Compiling and Running oneAPI programs¶
Our examples are CMake-based CPP projects along with unit tests in source form. They are publicly available as a GitHub repository under the Apache 2.0 open-source license at github.com/LoyolaChicagoCode/unoapi-dpcpp-examples.
The examples include a README file with instructions for building and running on Debian-based Linux systems (including Ubuntu), as well as the scripts needed to run the experiments described in this paper.
The full documentation of the LLVM-based oneAPI DPC++ compilation toolchain is available at intel.github.io/llvm-docs.
Running the examples on GitHub as a fork of the original repo (browser-based)¶
The repository is configured with continuous integration (CI) using the following GitHub Actions workflow:
steps:
- name: Checkout project code
uses: actions/checkout@v2
- name: Install Intel oneAPI
timeout-minutes: 5
run: |
./install-dpcpp.sh
- name: Set oneAPI environment
run: |
source ./setvars.sh
printenv >> $GITHUB_ENV
echo /opt/intel/oneapi/compiler/latest/linux/bin-llvm >> $GITHUB_PATH
- name: CMake configure
run: cmake -DCMAKE_BUILD_TYPE=Debug -S . -B $BUILD_DIR
- name: CMake build
run: cmake --build $BUILD_DIR
- name: CMake test
run: |
$BUILD_DIR/bin/integration
$BUILD_DIR/bin/matrix_mul_dpc
$BUILD_DIR/bin/montecarlo
# eventually keep only this loop for discovering all tests
for test_bin in $BUILD_DIR/bin/*tests; do "./$test_bin"; done
It relies on this prerequisite installation script, which one can also invoke manually on a local workstation:
#!/bin/sh
# Prerequisite: recent Ubuntu environment
echo Add Intel Apt repository
wget -qO- https://apt.repos.intel.com/intel-gpg-keys/GPG-PUB-KEY-INTEL-SW-PRODUCTS.PUB | sudo tee /etc/apt/trusted.gpg.d/GPG-PUB-KEY-INTEL-SW-PRODUCTS.asc
echo "deb https://apt.repos.intel.com/oneapi all main" | sudo tee /etc/apt/sources.list.d/oneAPI.list
sudo apt update -q
echo Install Intel oneAPI
sudo apt install -q -y intel-oneapi-compiler-dpcpp-cpp
echo Done
Every commit or pull request to the repository triggers a build and results in an indication of successful or unsuccessful completion of the build, including execution of the unit test suite.
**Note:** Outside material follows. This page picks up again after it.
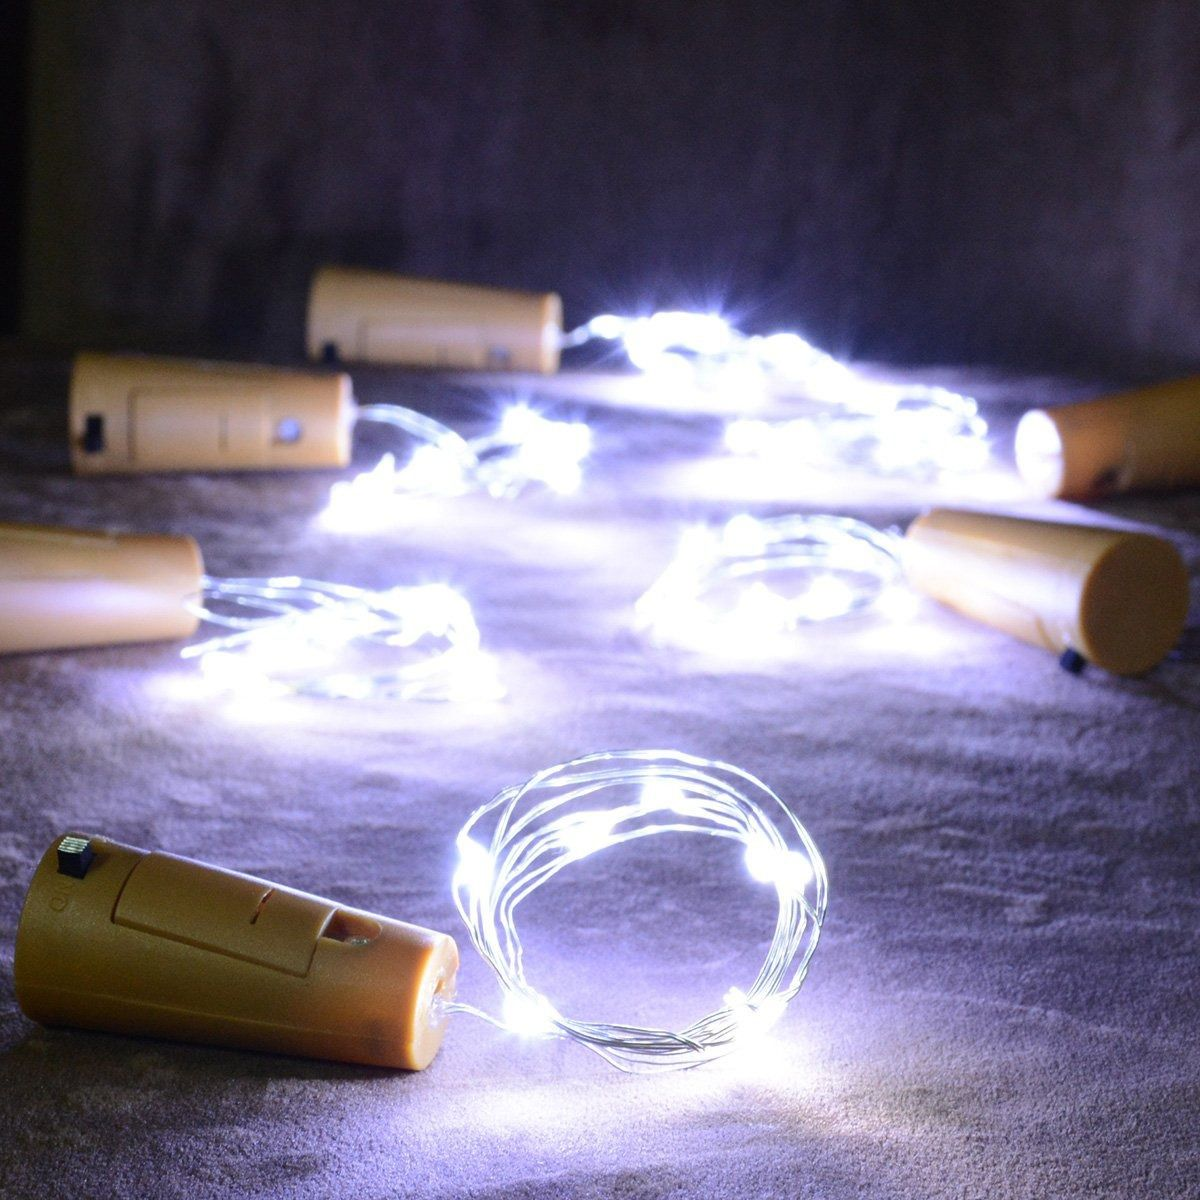 Fio Luz de Fada em Rolha de Garrafa 2 metros - Branca  - Shop Ud

This option is subject to limitations in devices available through the actual CI container (i.e., not usually accelerators).
These are the steps to copy, build, and run the artifact in a web browser without involving a local build environment.
Near the top right corner, look for the Fork button, click on the dropdown, and select “Create a new fork.”
Create the new fork in your GitHub account or organization.
Visit the Actions tab, where you will see the message “Workflows aren’t being run on this forked repository.”
Click on the green button labeled “I understand my workflows, go ahead and enable them.”
Use the web interface to create a file, say “dummy.txt”, to trigger a workflow run. This will create an entry under the GitHub actions tab for this workflow run. To observe execution in real time or after completion, one can drill into this entry until the step-by-step execution log appears.
Running the examples locally¶
This option requires a physical or virtual Debian-based system on Intel hardware, which may include an accelerator, such as a GPU.
The specific steps are documented in the top-level README file in the GitHub repository.
The artifact’s main executable is self-documenting using the -h
or –help
CLI option.
The Intel oneAPI DPC++ toolchain is currently supported on Linux and Windows (64-bit). It is possible to develop DPC++ applications on Intel-based MacOS computers by doing so within a Linux virtual machine.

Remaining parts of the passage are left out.